At the end of the seminar you will write a term paper. I'd like you to answer some research questions with the methods of survival analysis using a dataset and topic of your choice. Here are some basic examples:
- Topic: "Educational differences in timing of first Cannabis use"
- Q: Are there educational differences in the share of people who consumed Cannabis at least once by the age of 20? (Kaplan-Meier; Logrank test)
- Q: Do the educational differences in the risk of first use of Cannabis change across cohort? (Cox regression with cohort-education interaction)
- Q: Among those who have consumed Cannabis at least once by the age of 20, is there an educational difference in the timing of first use? (Kaplan-Meier, Logrank test)
- Data: I've heard some of you used a data set like this in a seminar on logistic regression.
- Topic: "The role of stage at diagnosis in explaining differences in lung cancer survival by ethnicity"
- Q: Are lung cancer cases in black patients diagnosed at a later stage compared to non-black patients? (Chi-squared test)
- Q: Does the risk of death following lung cancer vary by ethnicity? (Kaplan-Meier, Logrank test, Cox regression)
- Q: How much does the risk of death following lung cancer vary by stage of diagnosis? (Kaplan-Meier, Logrank test, Cox regression)
- Q: Is the "black disadvantage" of lung cancer survival by stage of diagnosis smaller than the overall "black disadvantage"? (Kaplan-Meier, Logrank test, Cox regression with and without stage by ethnicity interaction)
- Data: SEER.
- Topic: "Cohort differences in the timing leaving the parental home"
- Q: How did the median age of leaving the parental home evolve over the birth cohorts 1973 to 1993? (Kaplan-Meier, Logrank test)

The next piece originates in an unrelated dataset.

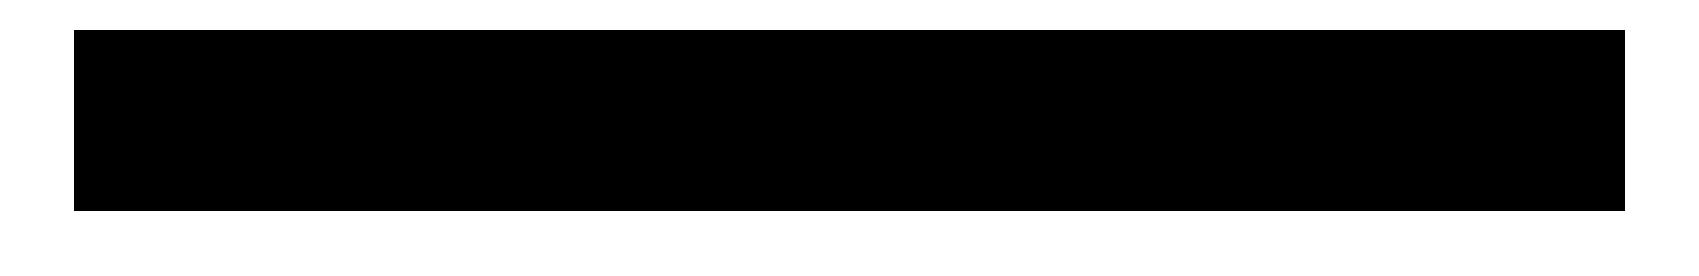 Usbek et Rica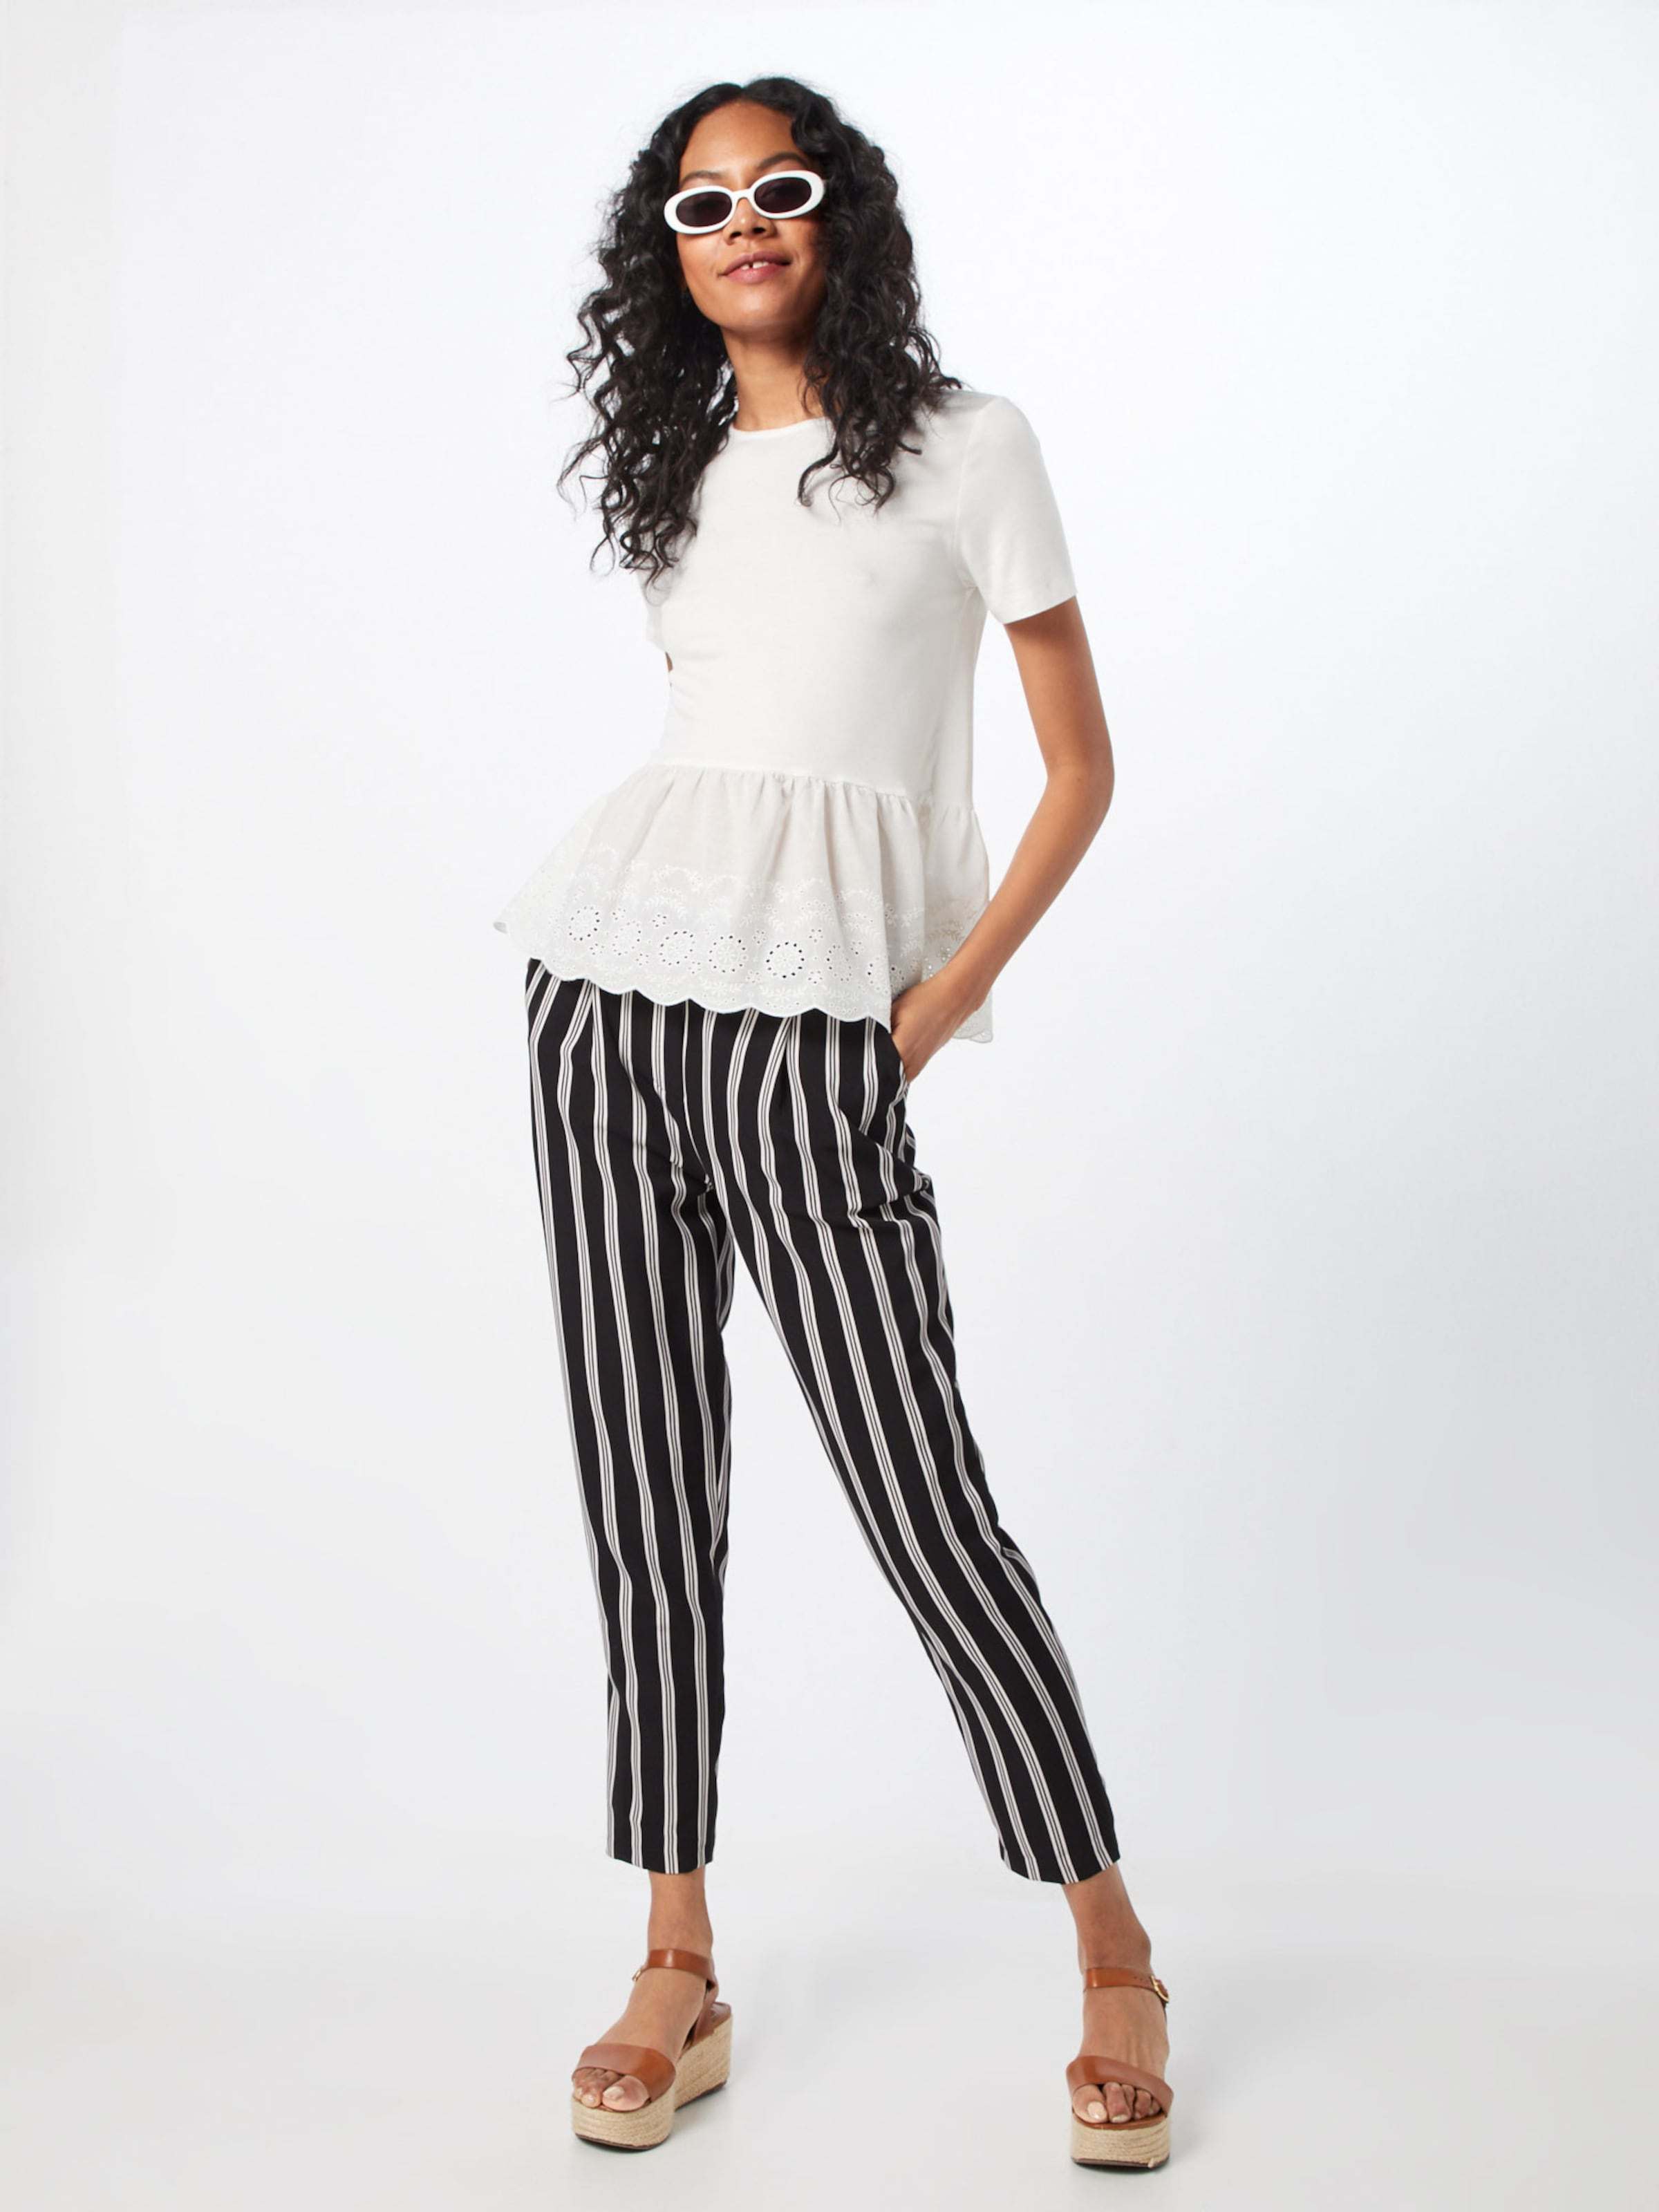 Shirt 've Broderie Peplum In New Mix Look Top' Weiß f67gyb

- Q: Is the sex difference in the timing of leaving the parental home diverging or converging across cohorts? (Cox regression with cohort-sex interaction)
- Data: Pairfam.
The term paper should be around 20 pages in total and feature all the usual parts of an empirical study, e.g.
- introduction
- background
- research questions & hypotheses
- methods
- data
- results
- discussion
- references
The idea is for you to do a sort of "mini" masters thesis -- a small independent, empirical research project. You may have a look at my master's thesis for guidance. You may write in German or English. Send the finished term paper to j.schoeley@uni-rostock.de.
- Survival analysis:
- Klein & Moeschberger (2003). Survival Analysis is a classic textbook on survival analysis.
- Harrel (2015). Regression modeling strategies is a great reference for all regression related topics. It's chapters on Survival Analysis feature R code and are very approachable.
- Kaplan & Meier (1958). Nonparametric Estimation from Incomplete Observations. The most cited statistics paper and one of the fundamental methods of survival analysis.
- Cox (1958) Regression Models and Life Tables. The second most cited statistics paper and the other pillar of survival analysis.
- Data visualization:
- Claus Wilke: Fundamentals of Data Visualization for general principles of data visualization.
- Hadley Wickham: ggplot2 for the introduction into a very flexible and popular R plotting package. Well worth learning.